**EXCERPTED DATA:**
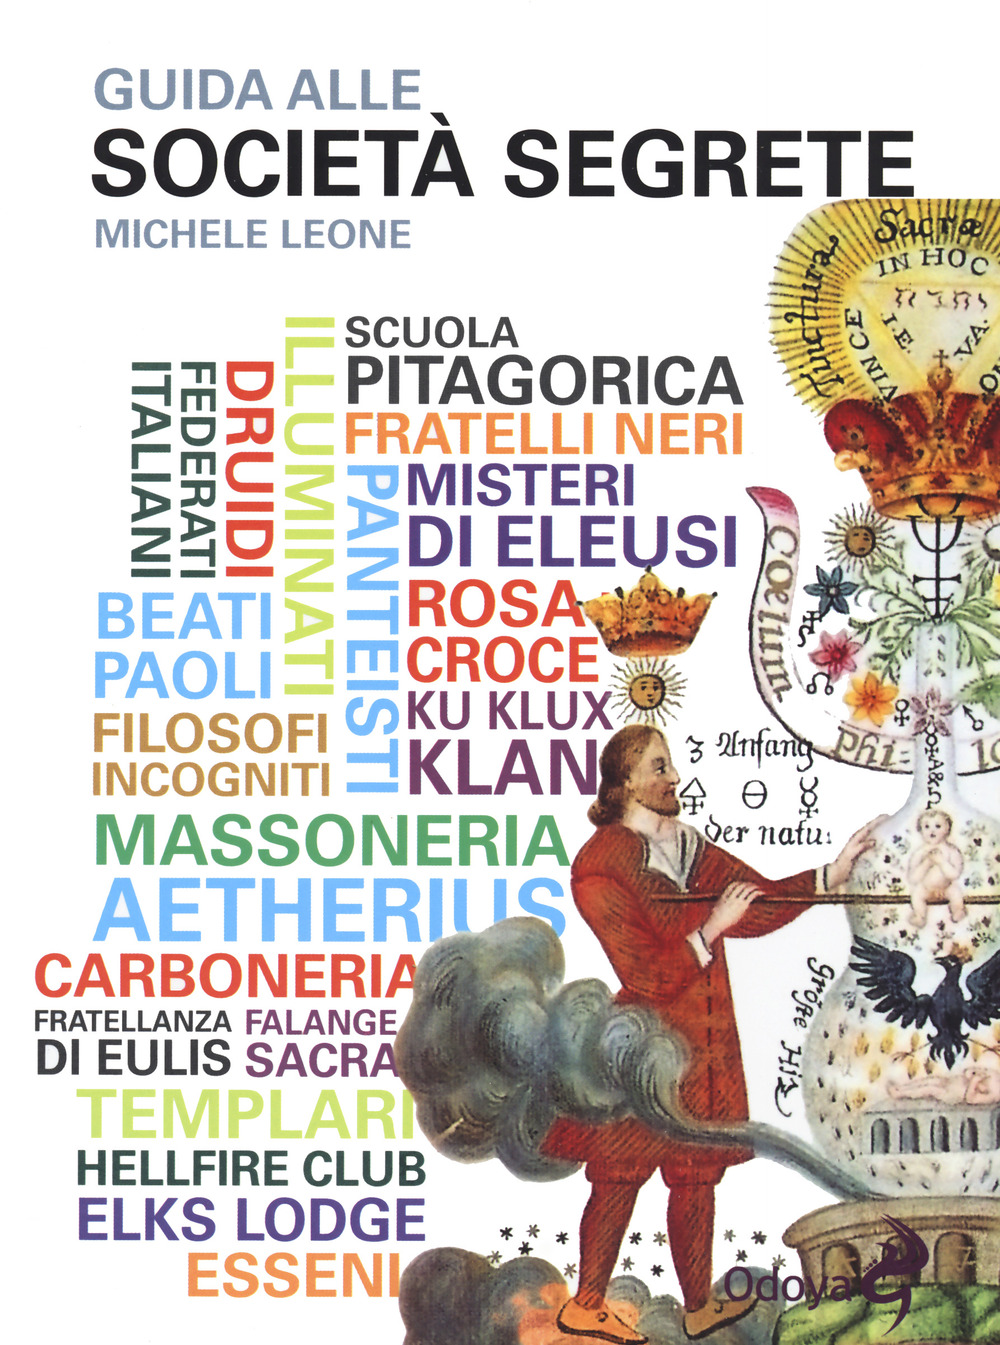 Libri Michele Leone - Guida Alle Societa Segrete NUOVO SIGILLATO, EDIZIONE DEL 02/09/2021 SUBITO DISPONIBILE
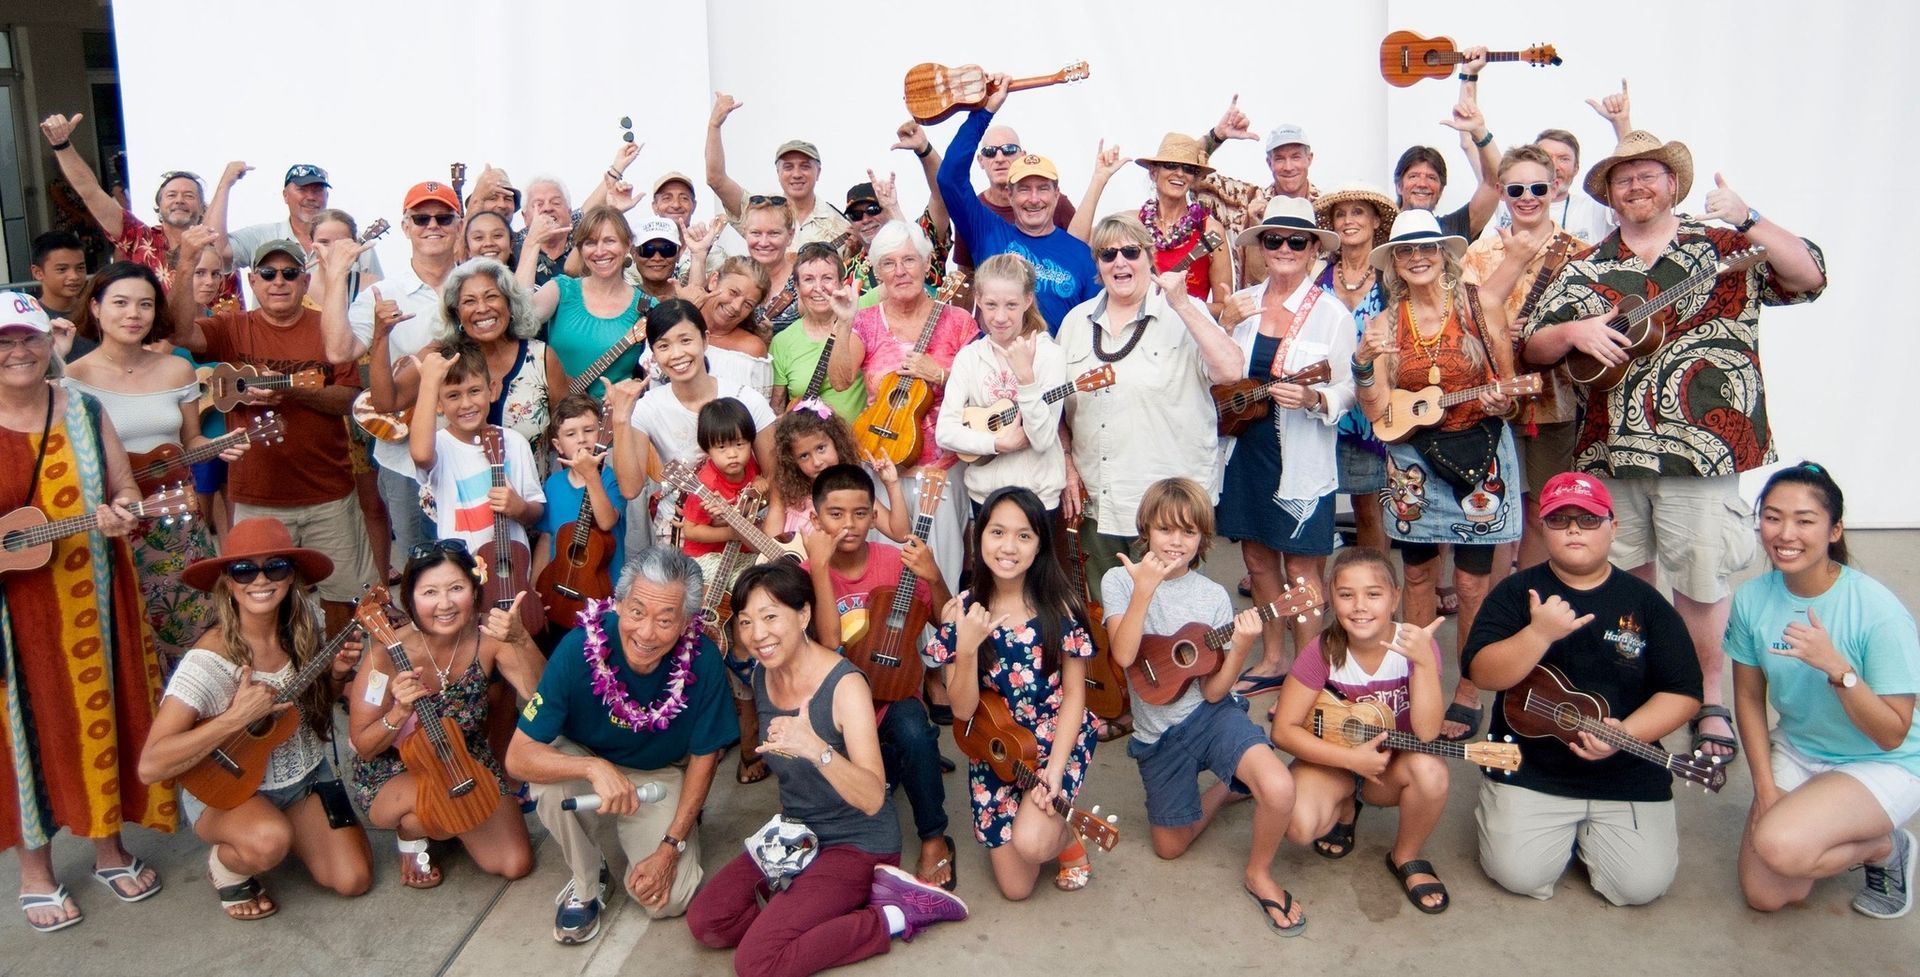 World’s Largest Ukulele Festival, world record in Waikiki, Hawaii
* * *
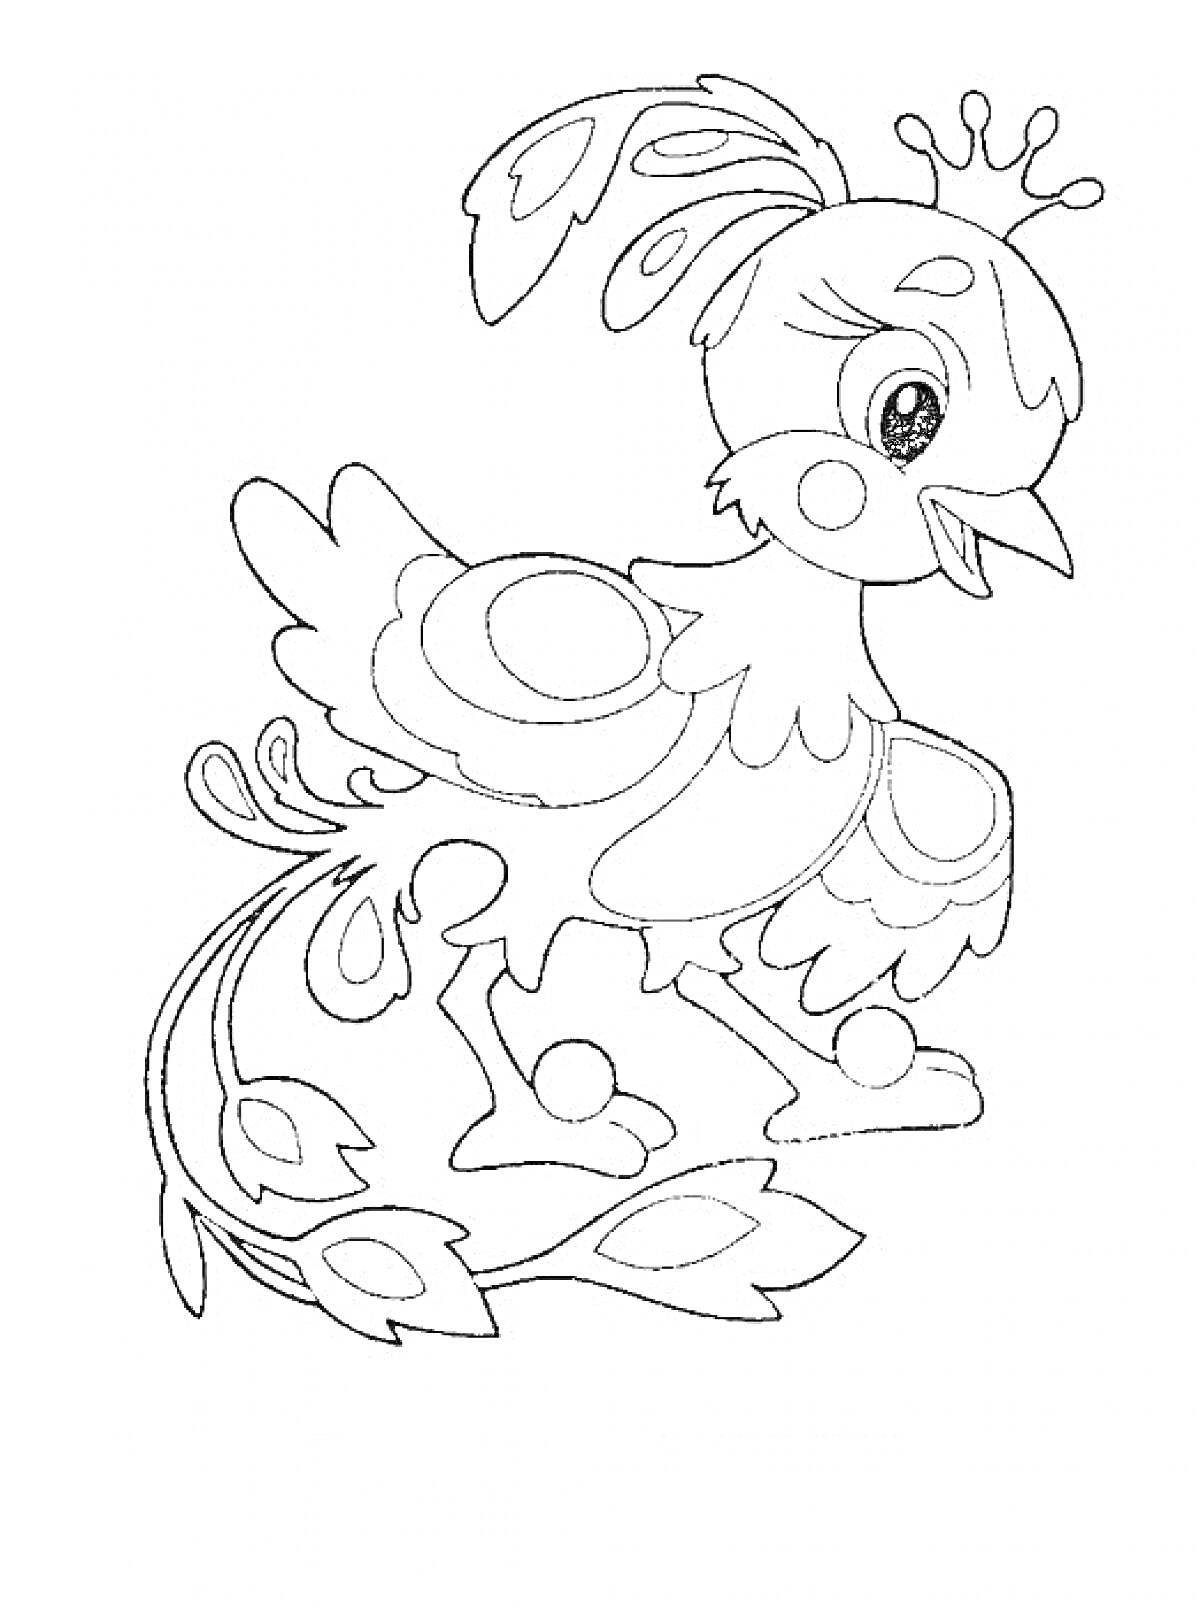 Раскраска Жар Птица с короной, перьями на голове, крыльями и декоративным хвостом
...
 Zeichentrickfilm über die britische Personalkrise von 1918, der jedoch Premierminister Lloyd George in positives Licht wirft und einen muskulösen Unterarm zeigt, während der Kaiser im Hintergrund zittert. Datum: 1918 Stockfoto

**PROBLEM DETAILS:** Starting at the line above that holds "Libri Michele Leone", repeat every line exactly down to and including the line that holds "World’s Largest Ukulele", then stop. Do not carry over any pictures.

**RESPONSE:**
 Libri Michele Leone - Guida Alle Societa Segrete NUOVO SIGILLATO, EDIZIONE DEL 02/09/2021 SUBITO DISPONIBILE
 World’s Largest Ukulele Festival, world record in Waikiki, Hawaii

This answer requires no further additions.